* [Work instructions]: This task asks for the lines from the one with "Maybach Music Group" to the final line below, repeated exactly, with pictures omitted.

* [Supplied data]:
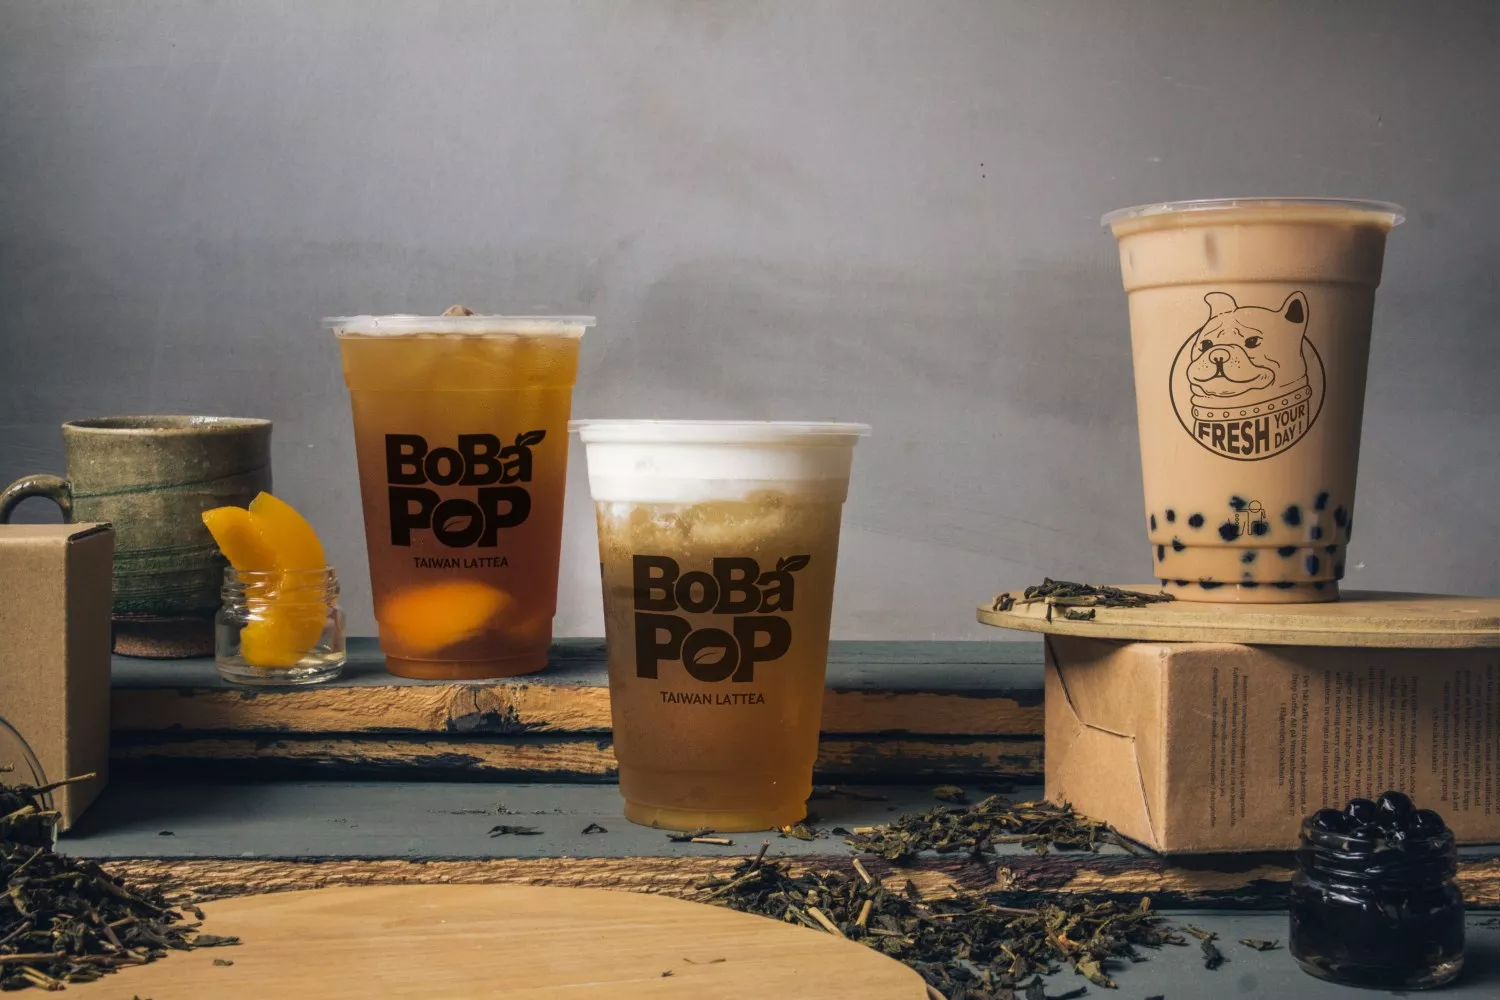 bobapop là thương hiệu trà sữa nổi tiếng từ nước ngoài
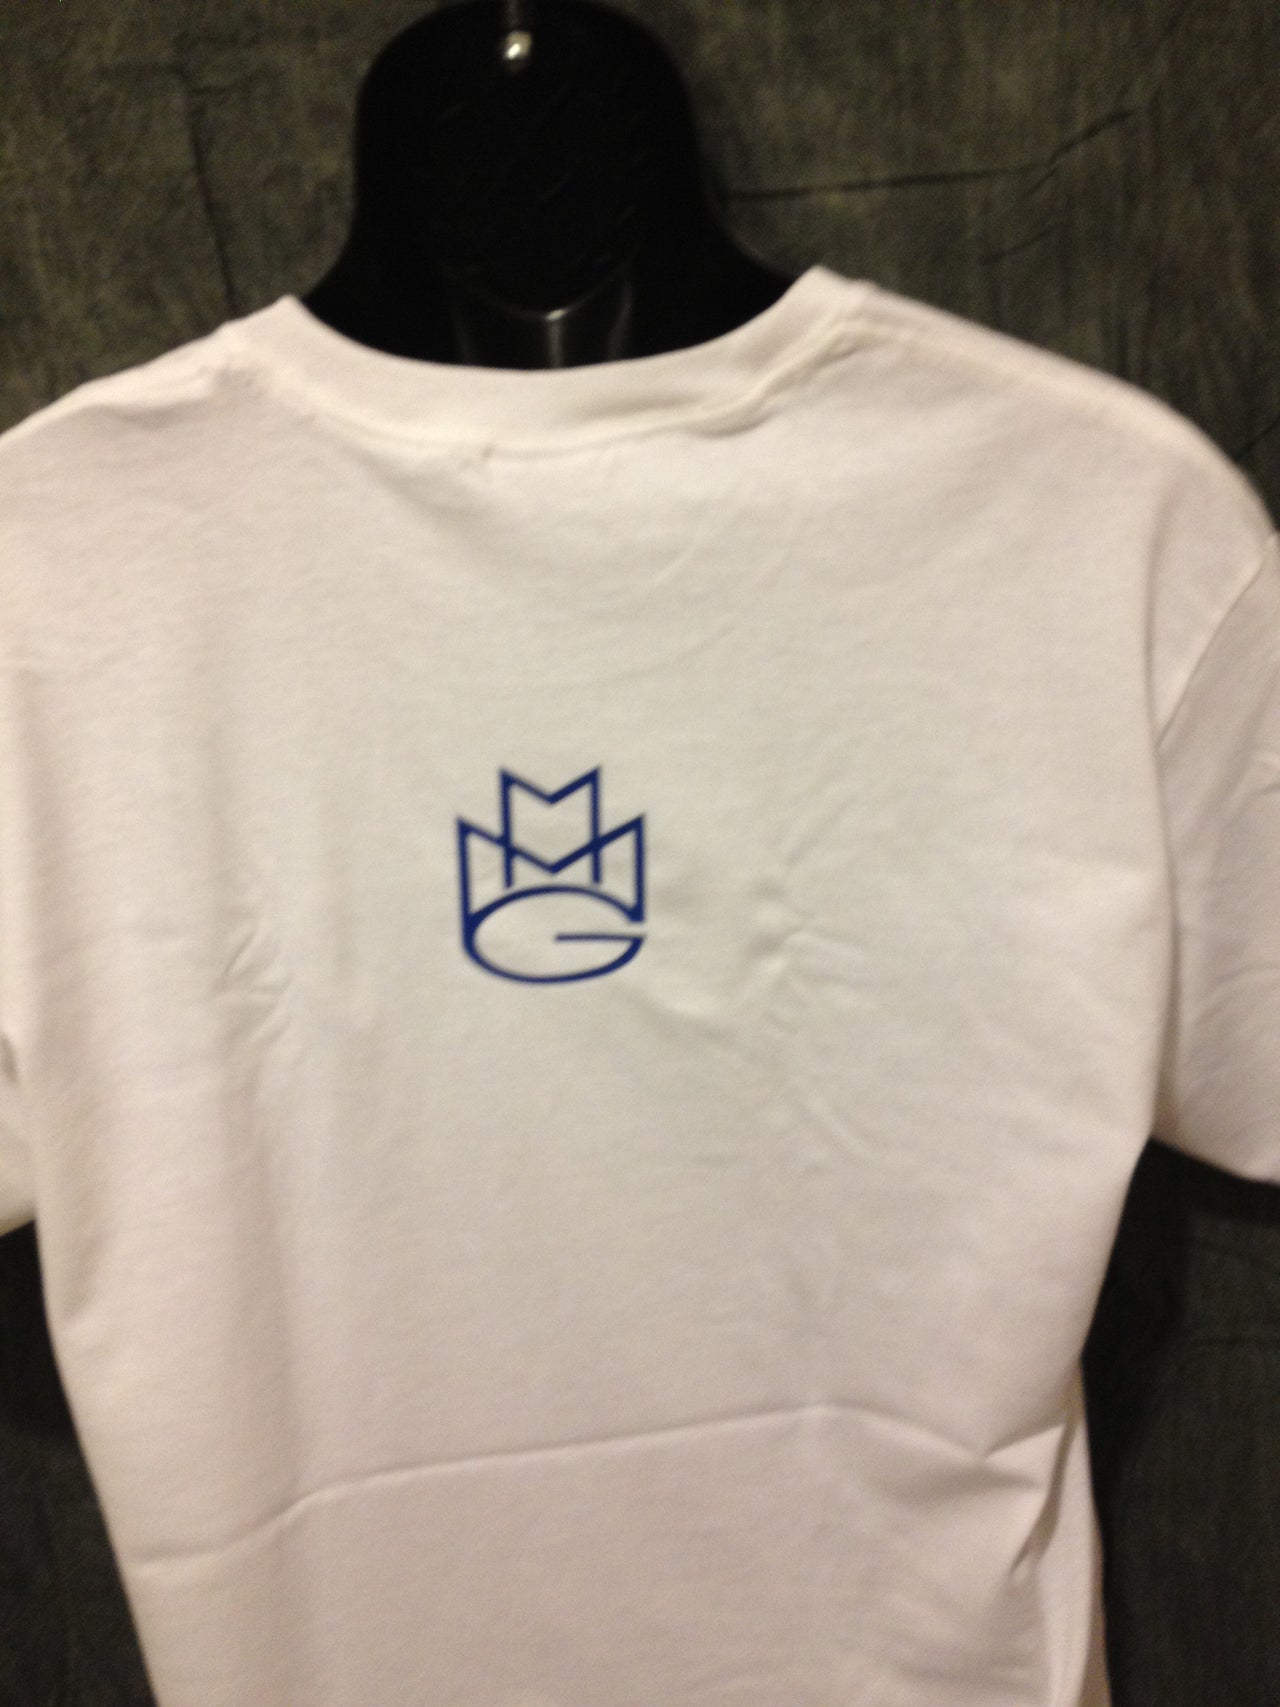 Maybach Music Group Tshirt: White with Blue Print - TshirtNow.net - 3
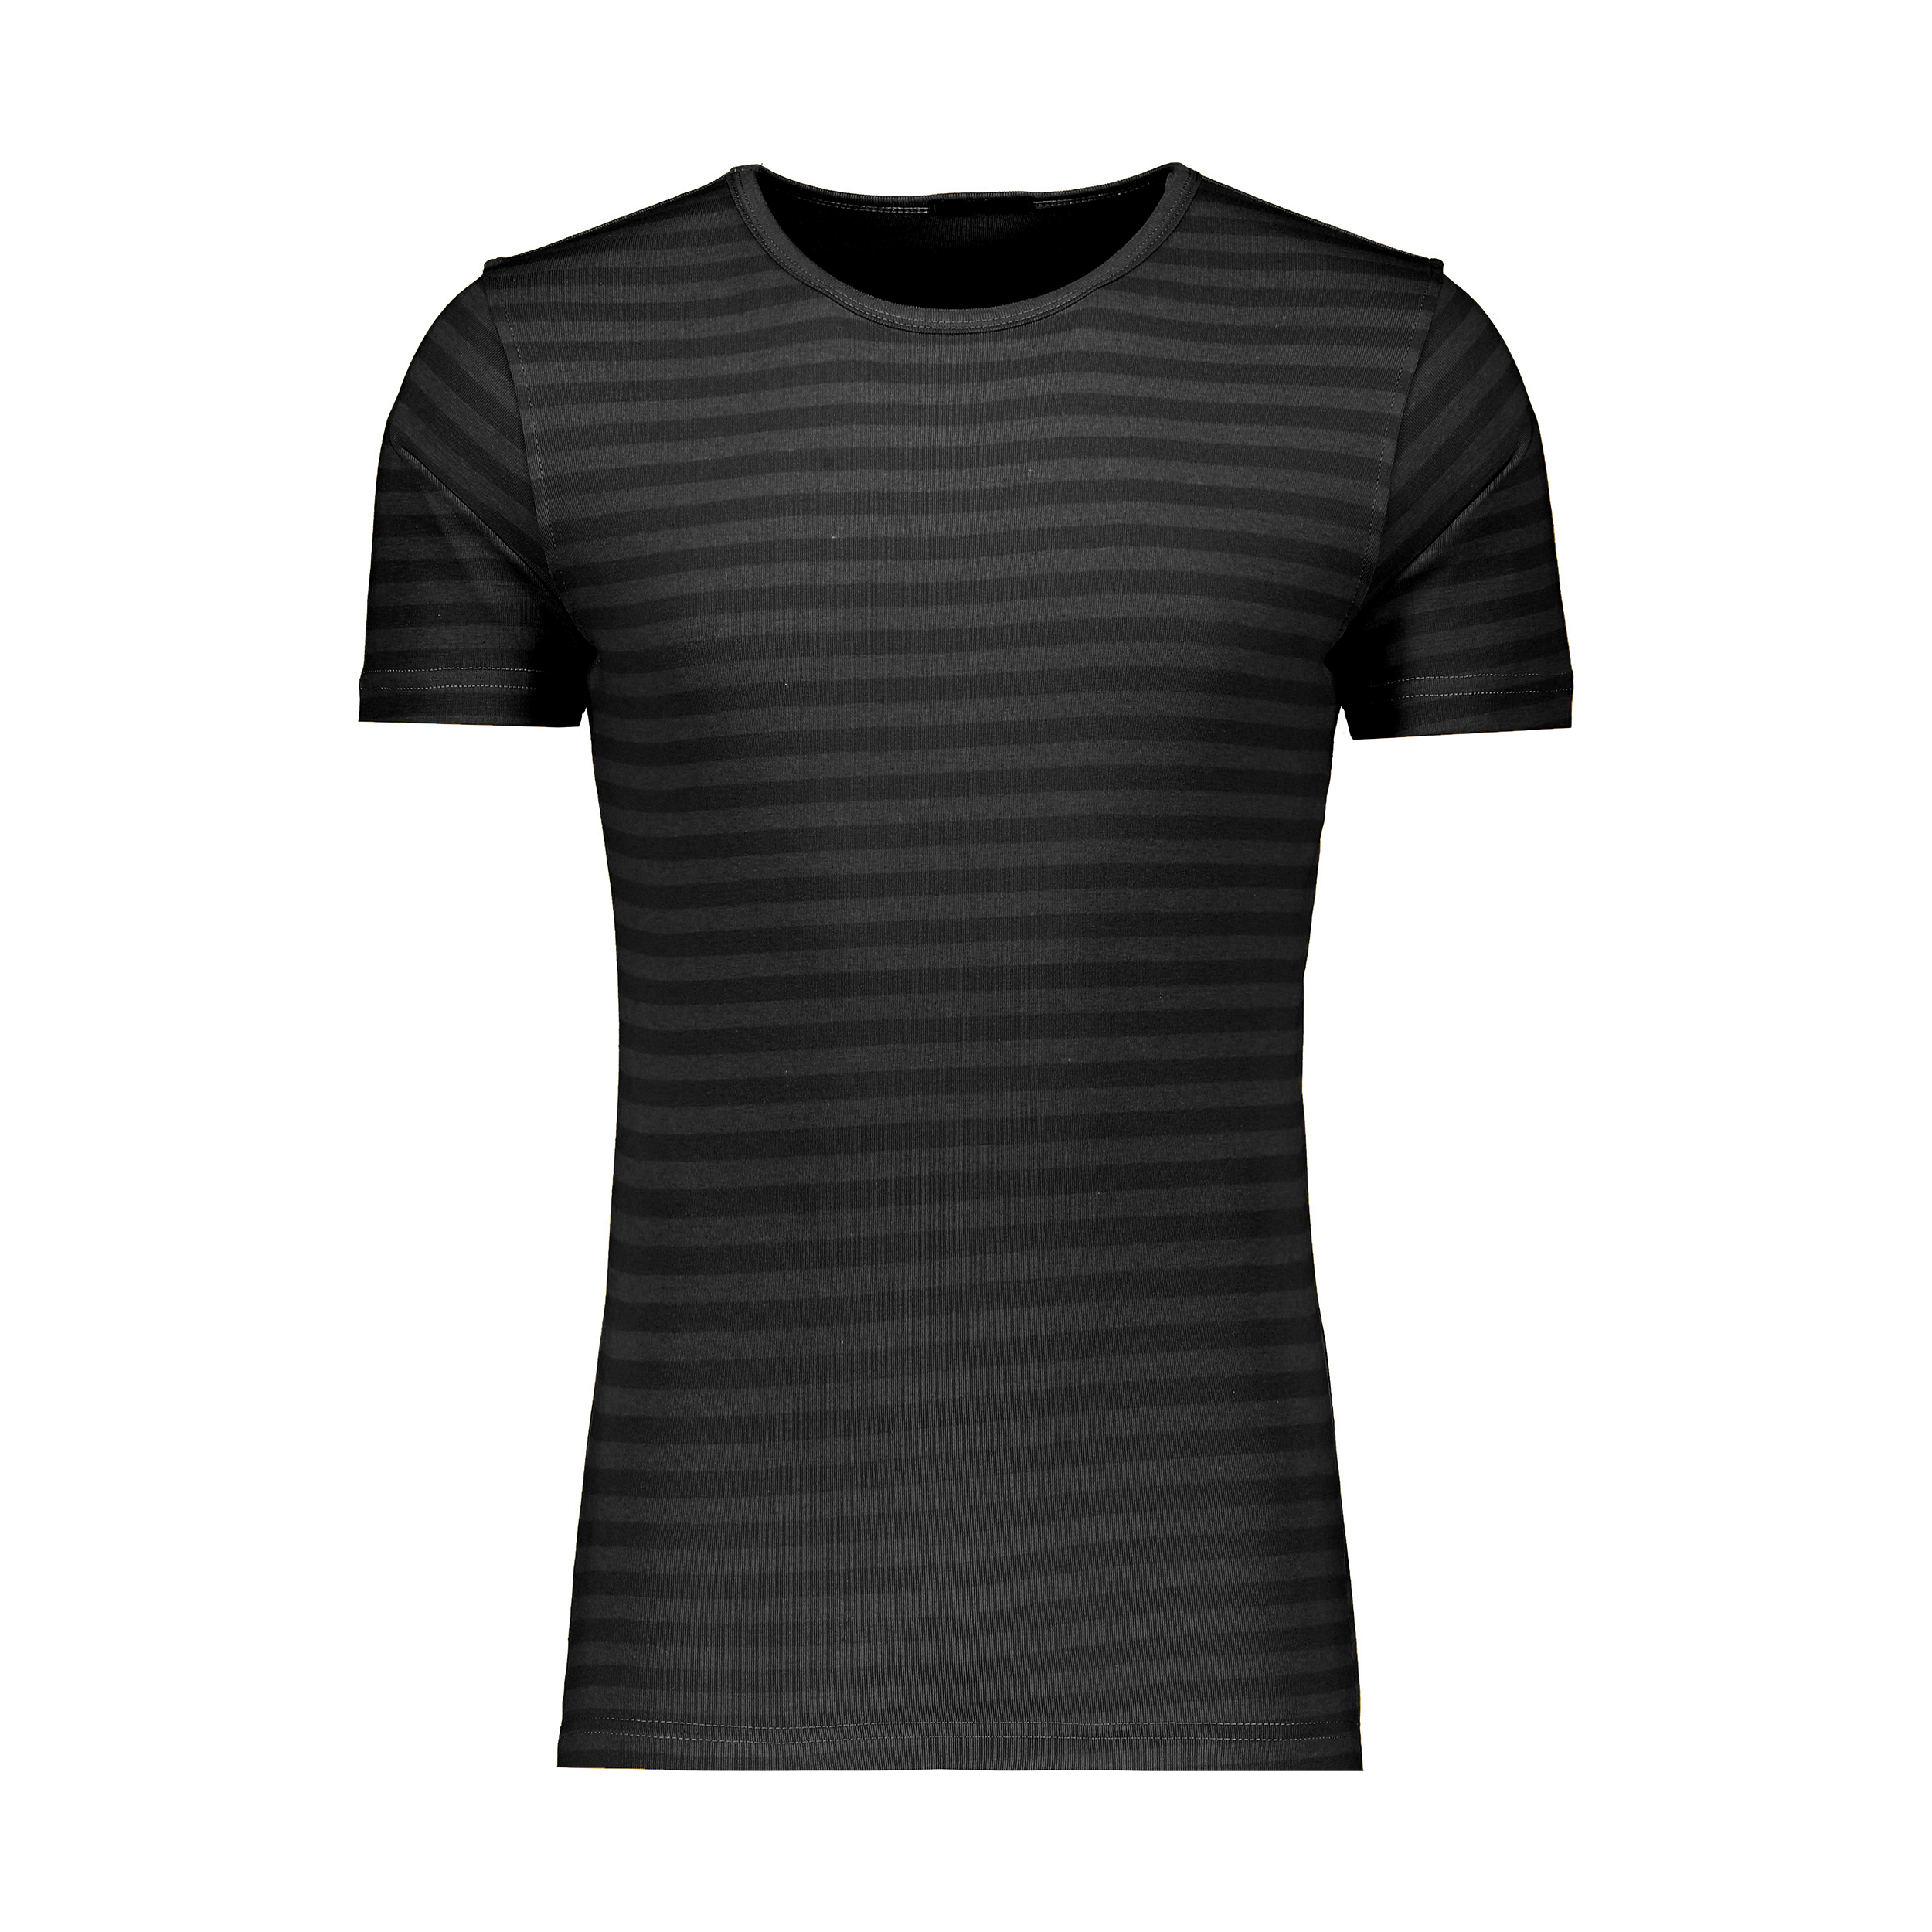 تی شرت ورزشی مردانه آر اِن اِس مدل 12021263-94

* [Solution]:
 Maybach Music Group Tshirt: White with Blue Print - TshirtNow.net - 3
 تی شرت ورزشی مردانه آر اِن اِس مدل 12021263-94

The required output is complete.